Open LiteralGenie opened 2 years ago
I'd like to keep the user info (the series on disk) separate from the MU data, but if instead I store the raw MU data separately (ie json, not normalized into tables), I can make this a future problem.
So to link series on disk with the MU metadata, the series (folder) name has to be compared with the titles in the MU data.

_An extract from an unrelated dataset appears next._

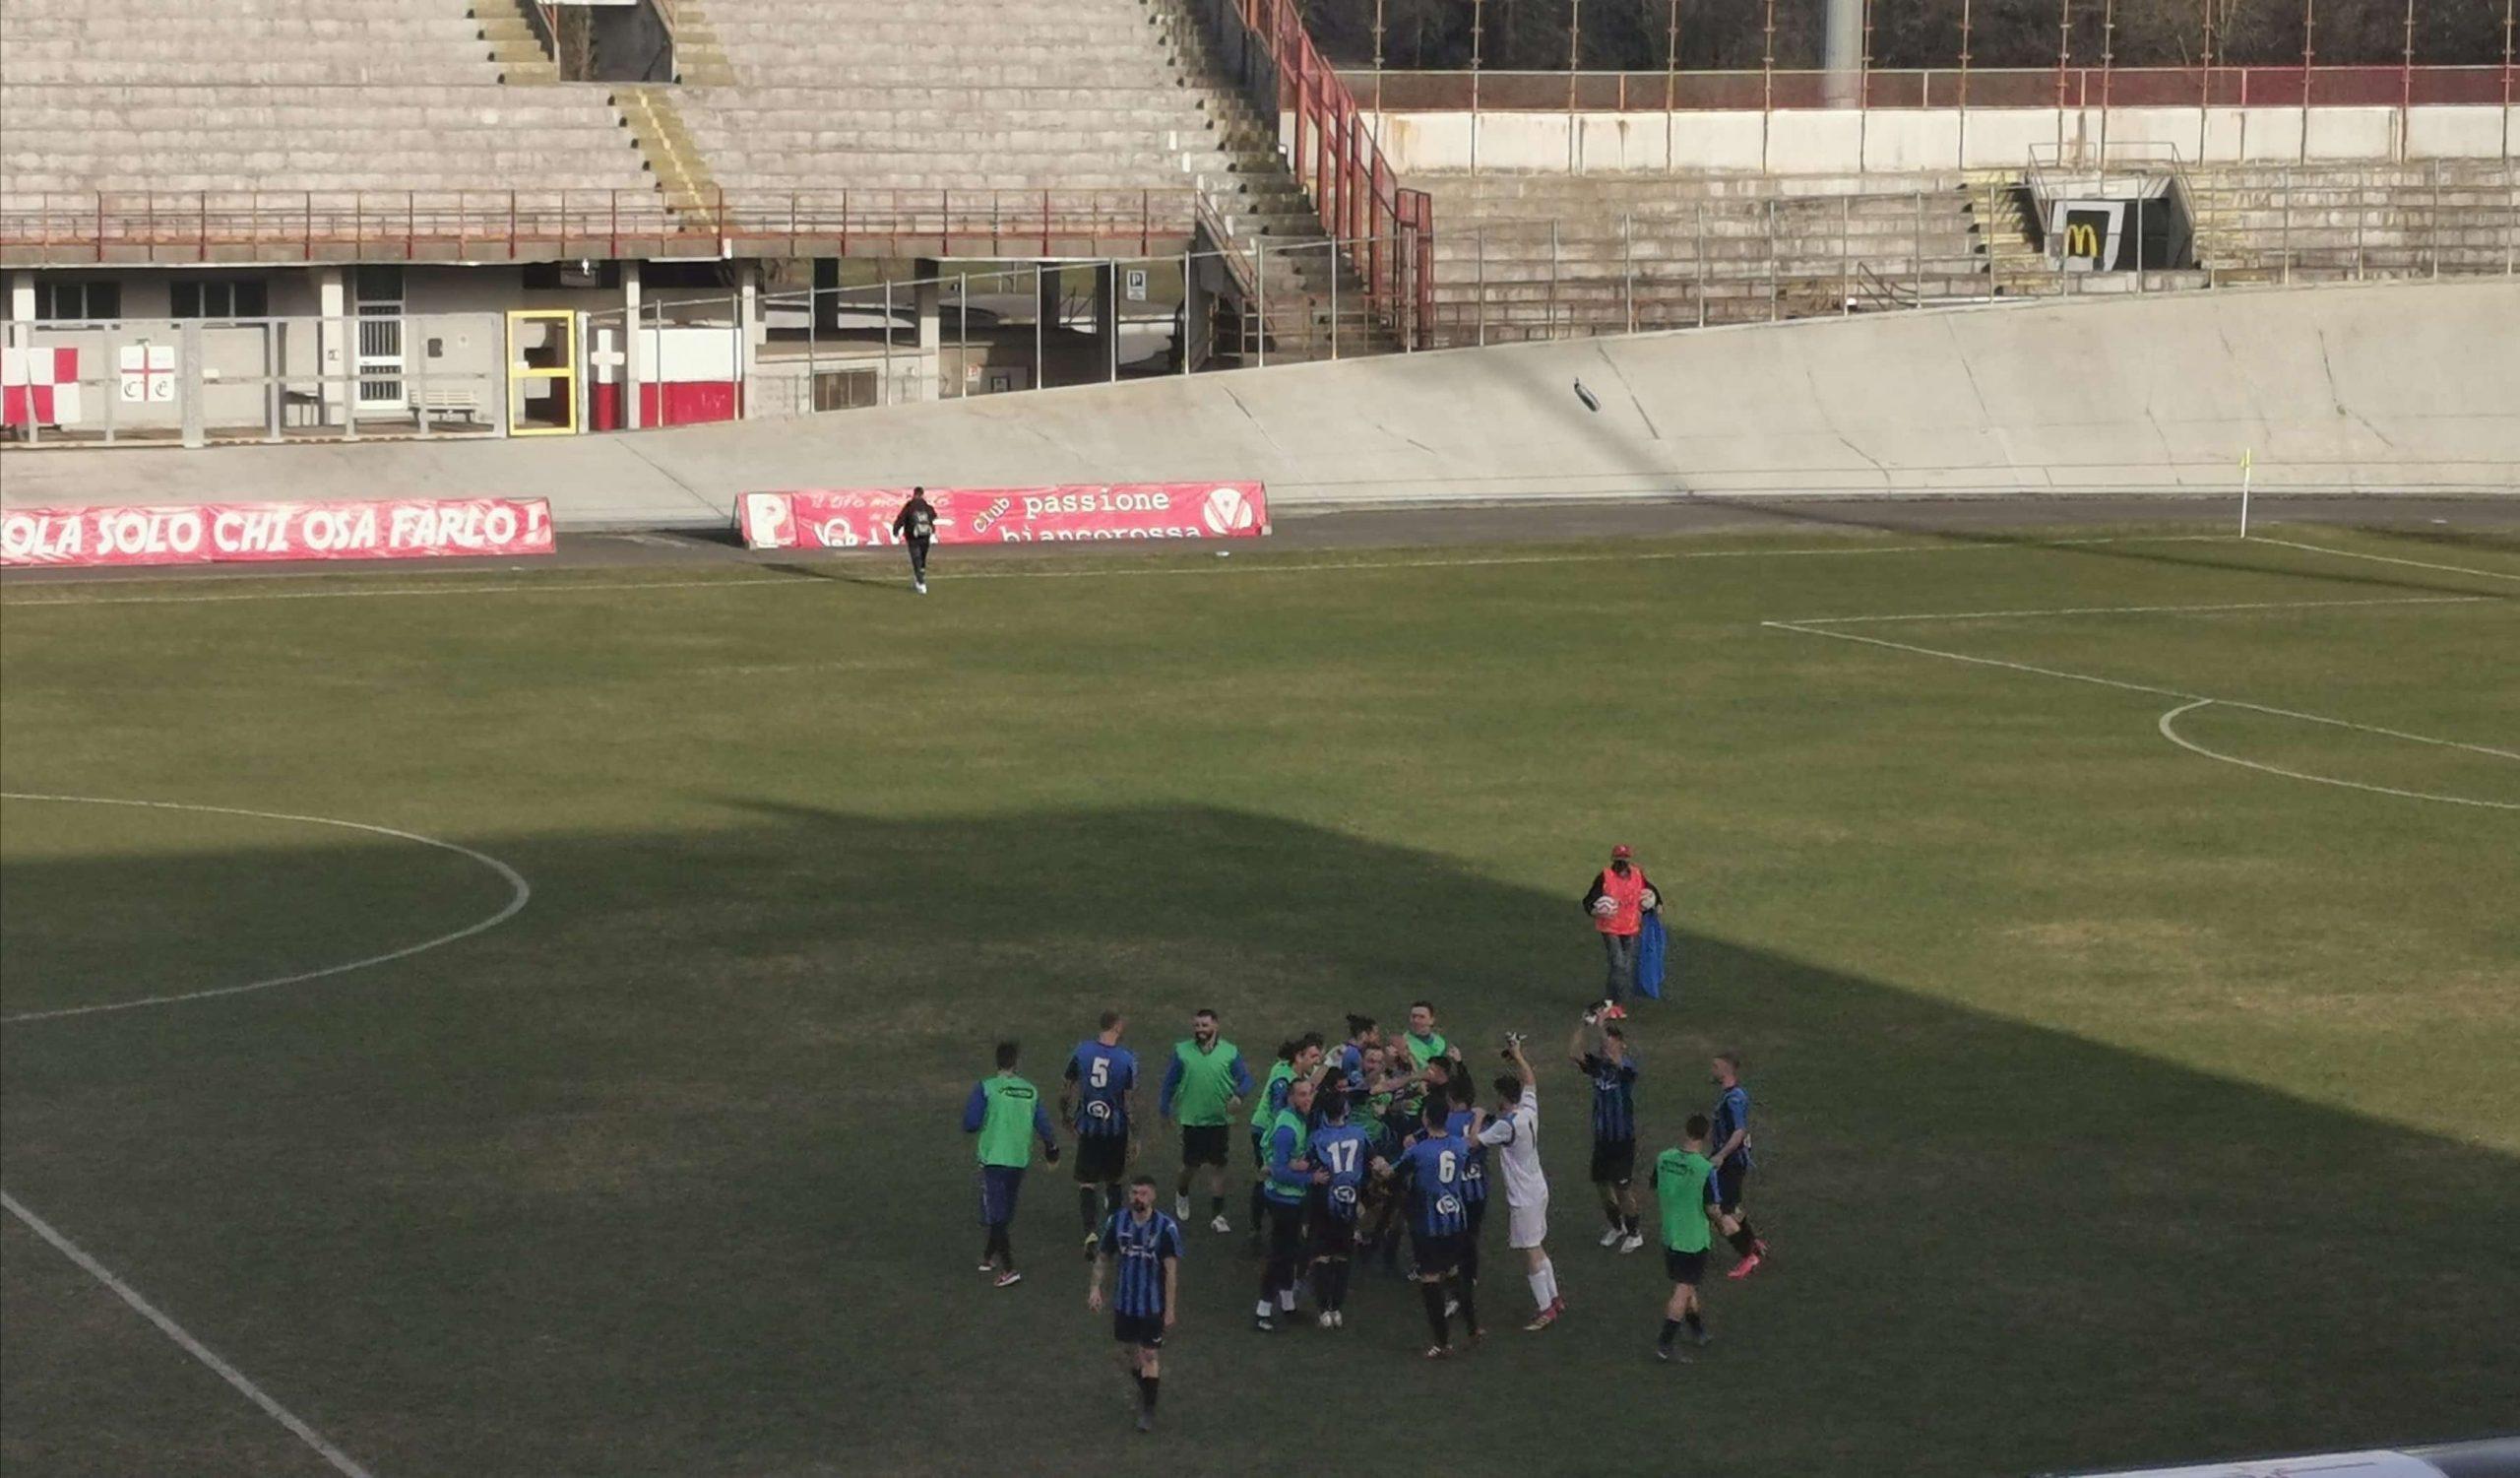 L'IMPERIA FIRMA UN'ALTRA IMPRESA: ESPUGNATO L' 'OSSOLA' PER 1-0

This implies some kind of similarity metric. As it turns out, the fuzzyset package will be the fastest for calculating this (see table below or string_comp_results.md for details).
At ~10ms per query, this implies ~100s for 10k series. With multiprocessing, this further implies ~25s with 4 workers and ~8s with 12 workers.
queries.json | 5 | 20 | 100 | |
---|---|---|---|---|
jellyfish-damerau_levenshtein | 673 | 285 | 676 | 2717 |
jellyfish-hamming | 88 | 83 | 85 | 88 |
jellyfish-jaro | 317 | 133 | 305 | 897 |
jellyfish-jaro_winkler | 315 | 135 | 306 | 894 |
jellyfish-levenshtein | 349 | 141 | 354 | 1739 |
textdistance-damerau_levenshtein | 510 | 833 | 493 | 430 |
textdistance-hamming | 1441 | 453 | 353 | 452 |
textdistance-jaro | 495 | 510 | 382 | 506 |
textdistance-jaro_winkler | 448 | 456 | 451 | 385 |
textdistance-levenshtein | 445 | 429 | 445 | 447 |
fuzzyset | 11 | 2 | 7 | 34 |
sqlite3-editdist3 | 2446 | 894 | 2508 | 10400 |
Scanning disk with Path.glob()
is also pretty slow. Turns out Path.iterdir()
is much faster because(?) it doesn't fetch metadata like file size.
(eg scanning 20k folders takes 15.3s vs 0.8s, and this is after running a few times so that whatever disk cache kicks in.)